§ **TASK GOAL**
The data below contains pictures, which are to be skipped; the lines starting at the line with "Homme Plissé Issey Miyake short-sleeve" and ending at the line with "Brand New KATE" are to be output exactly, both ends included.

§ **EXERCISE INPUTS**
* * * *
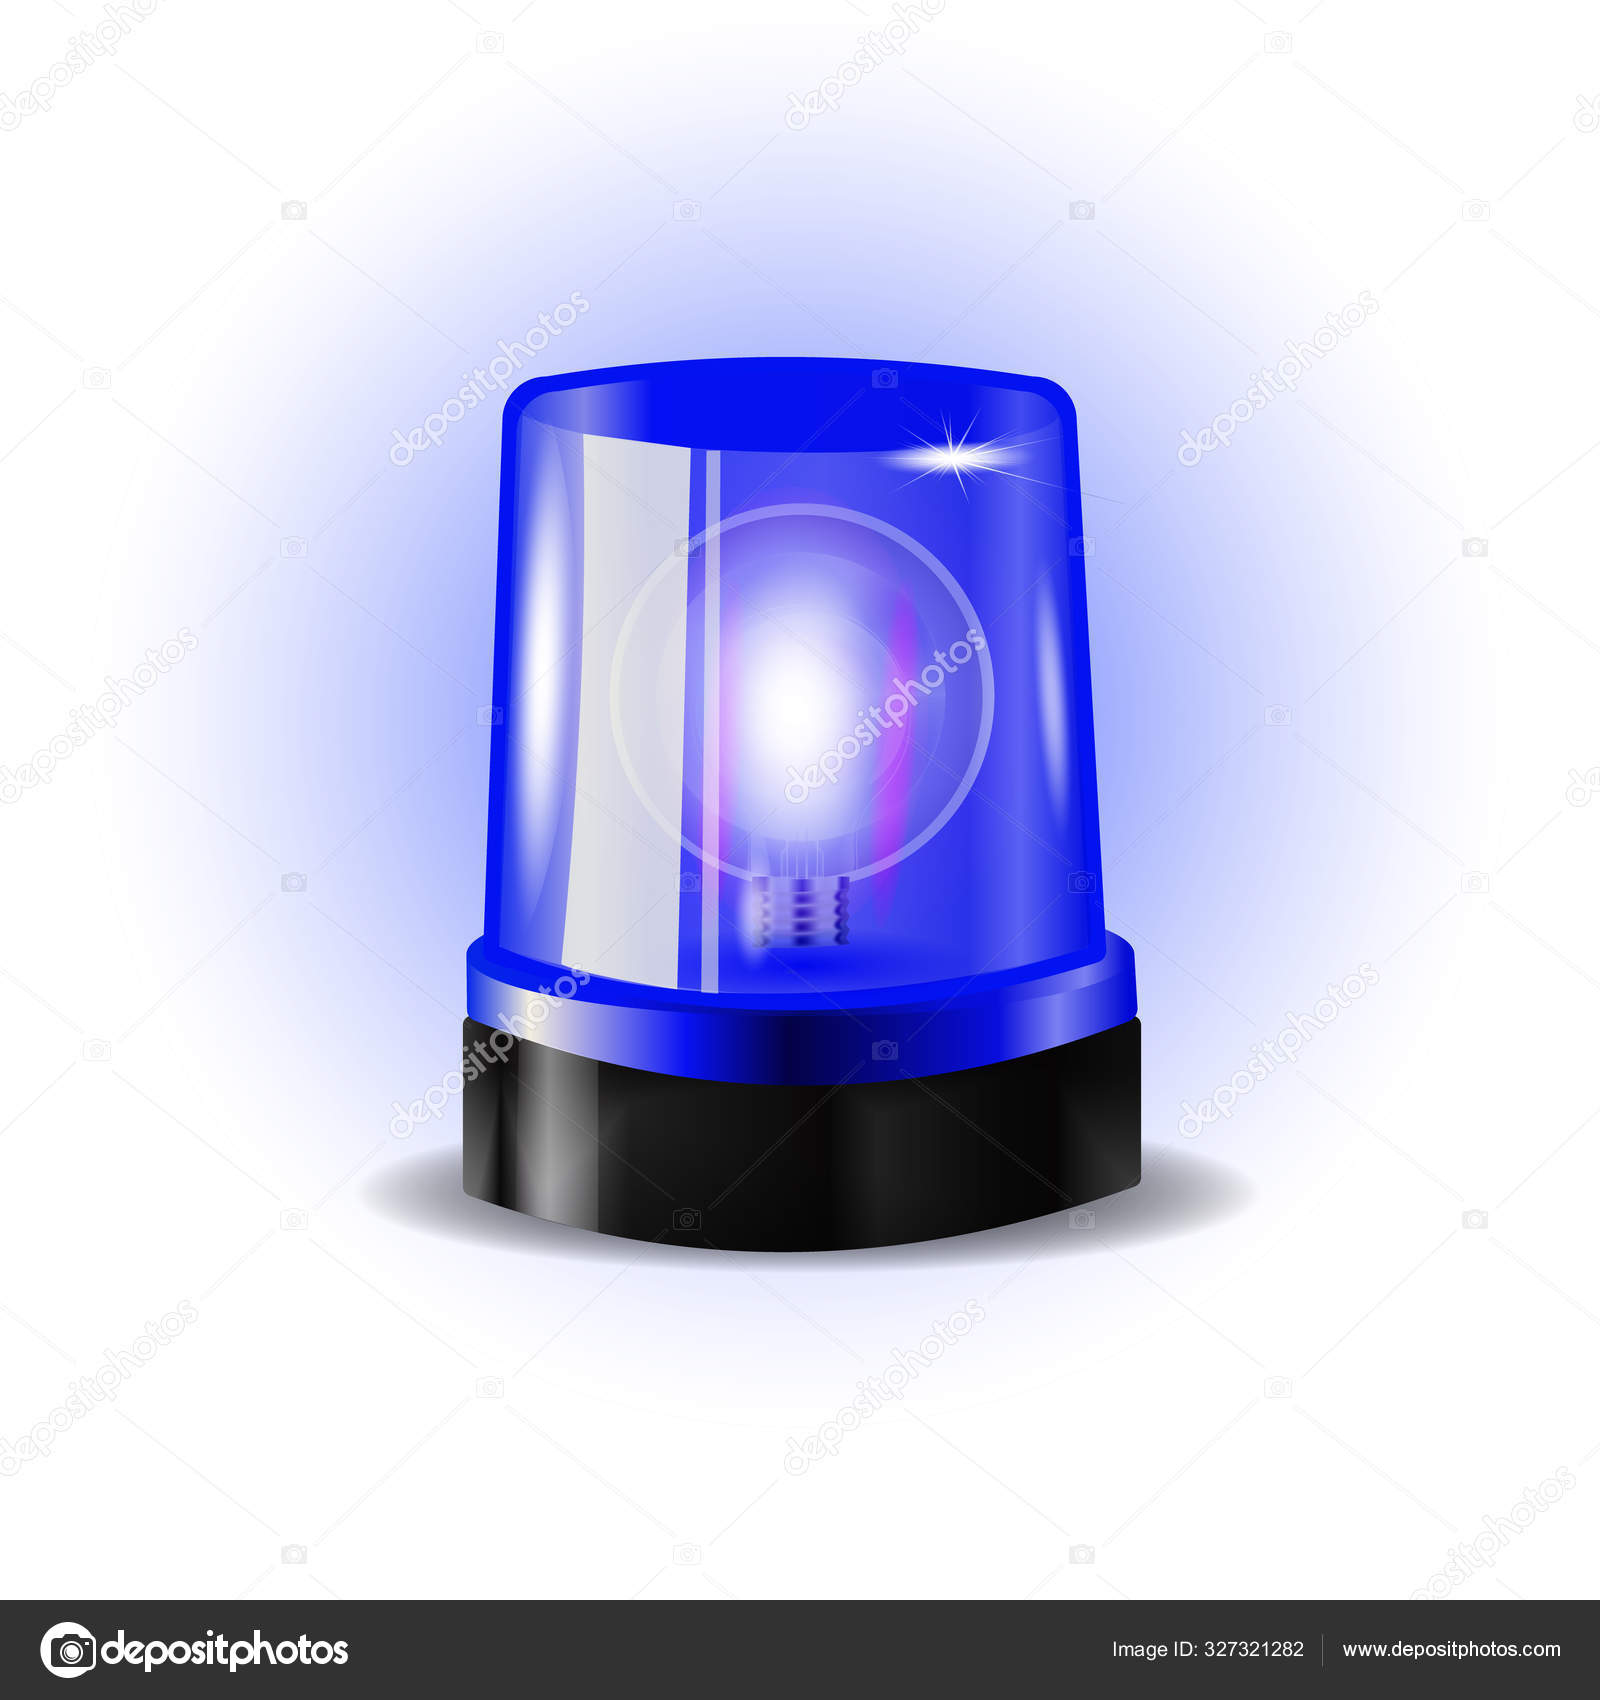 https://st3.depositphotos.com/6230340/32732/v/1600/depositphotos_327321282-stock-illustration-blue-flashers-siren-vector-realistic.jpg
* * * *
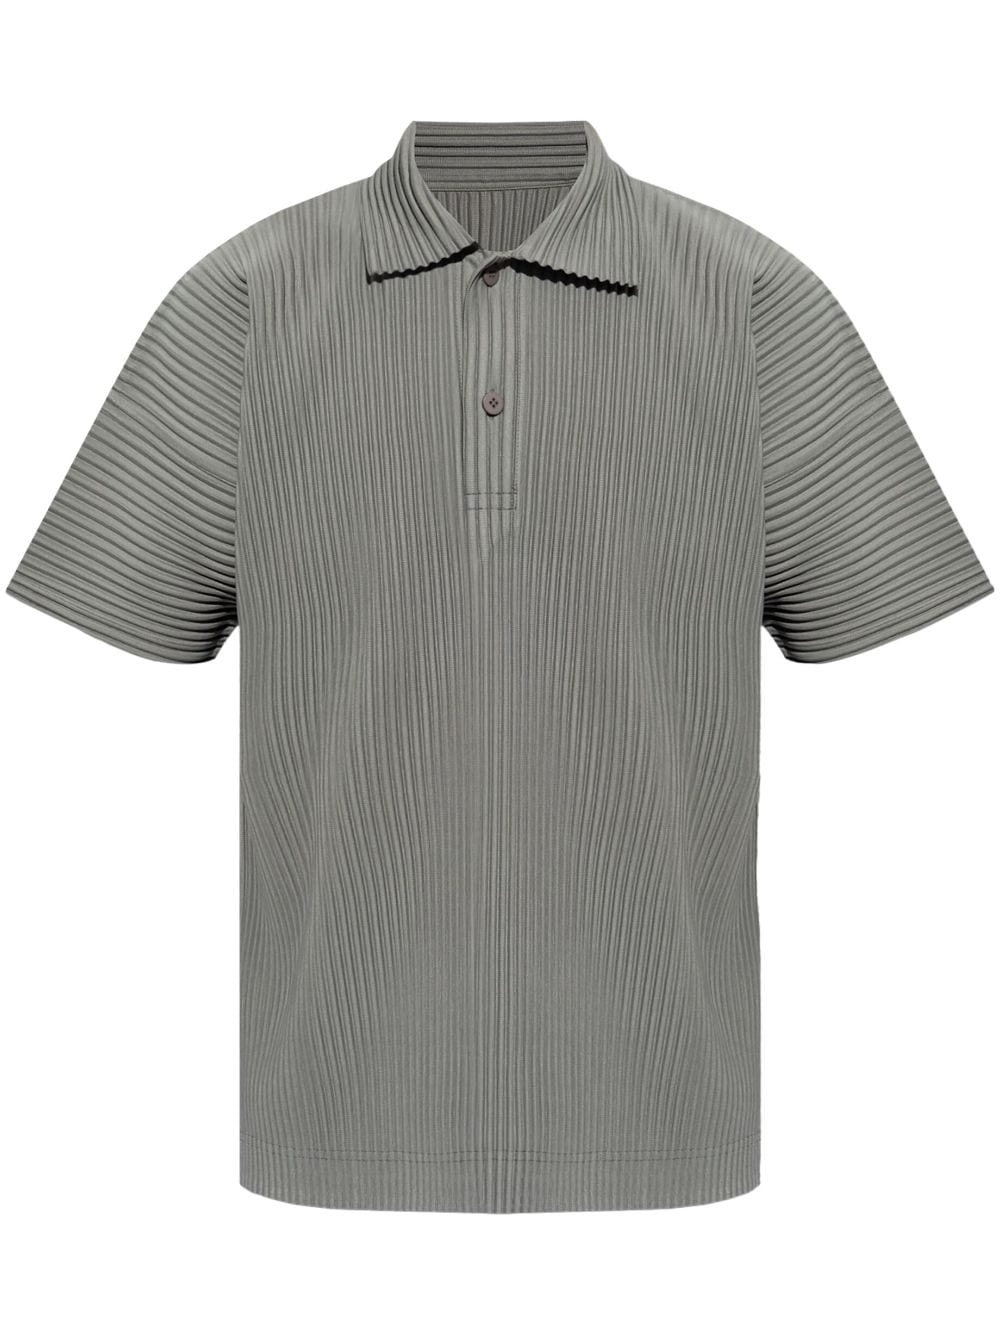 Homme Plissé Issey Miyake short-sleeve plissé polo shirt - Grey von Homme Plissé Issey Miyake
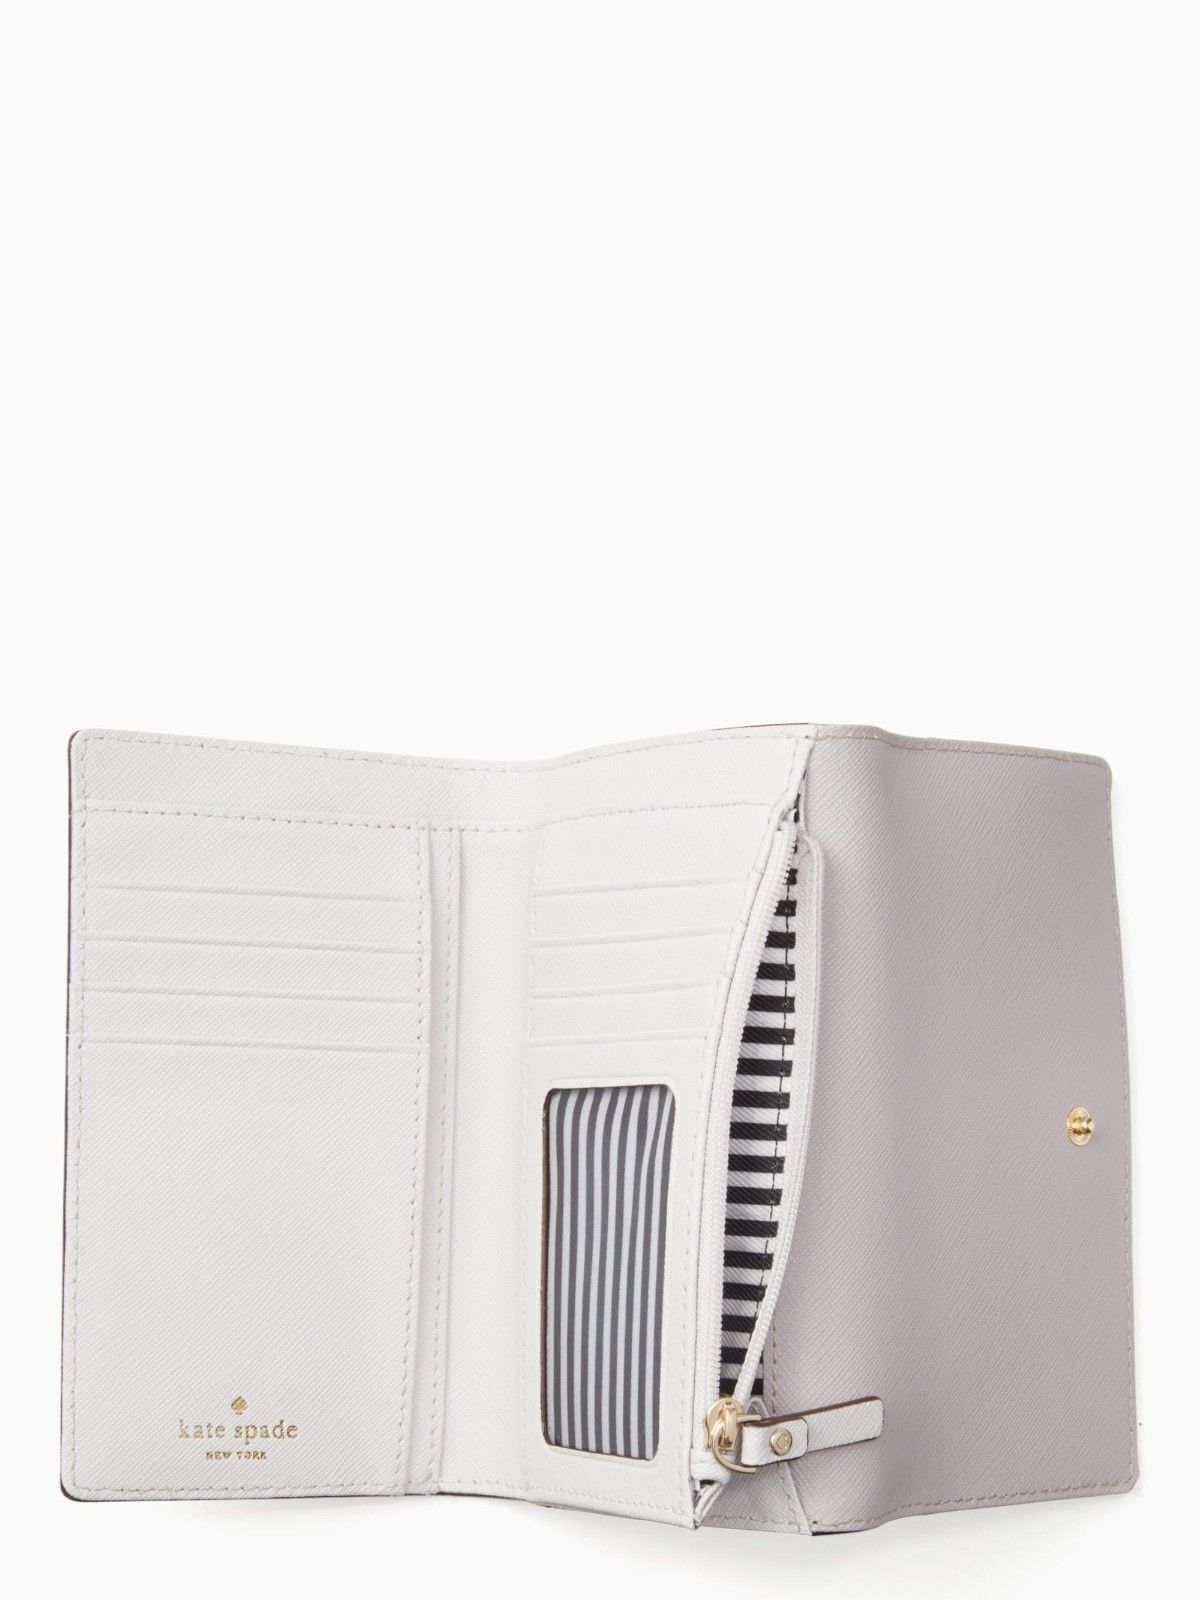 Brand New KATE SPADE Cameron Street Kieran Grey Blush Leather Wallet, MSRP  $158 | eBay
* * * *
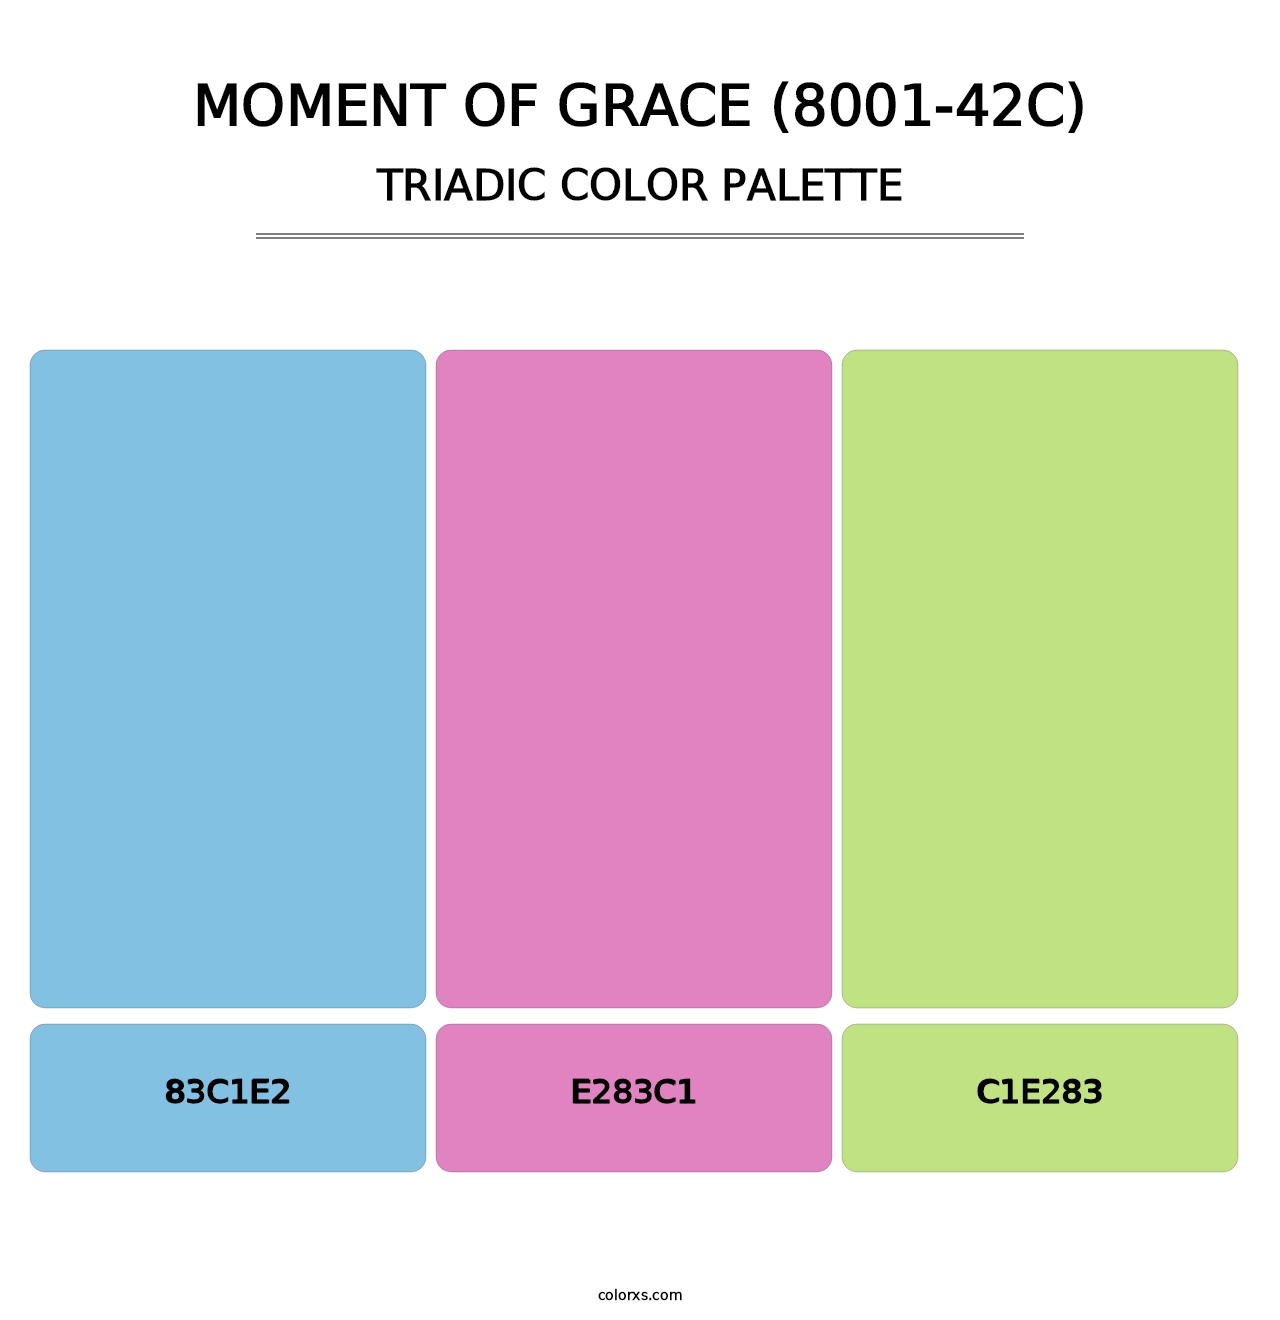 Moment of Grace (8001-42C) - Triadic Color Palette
* * * *
§ **THE COMPLETED TASK**
 Homme Plissé Issey Miyake short-sleeve plissé polo shirt - Grey von Homme Plissé Issey Miyake
 Brand New KATE SPADE Cameron Street Kieran Grey Blush Leather Wallet, MSRP  $158 | eBay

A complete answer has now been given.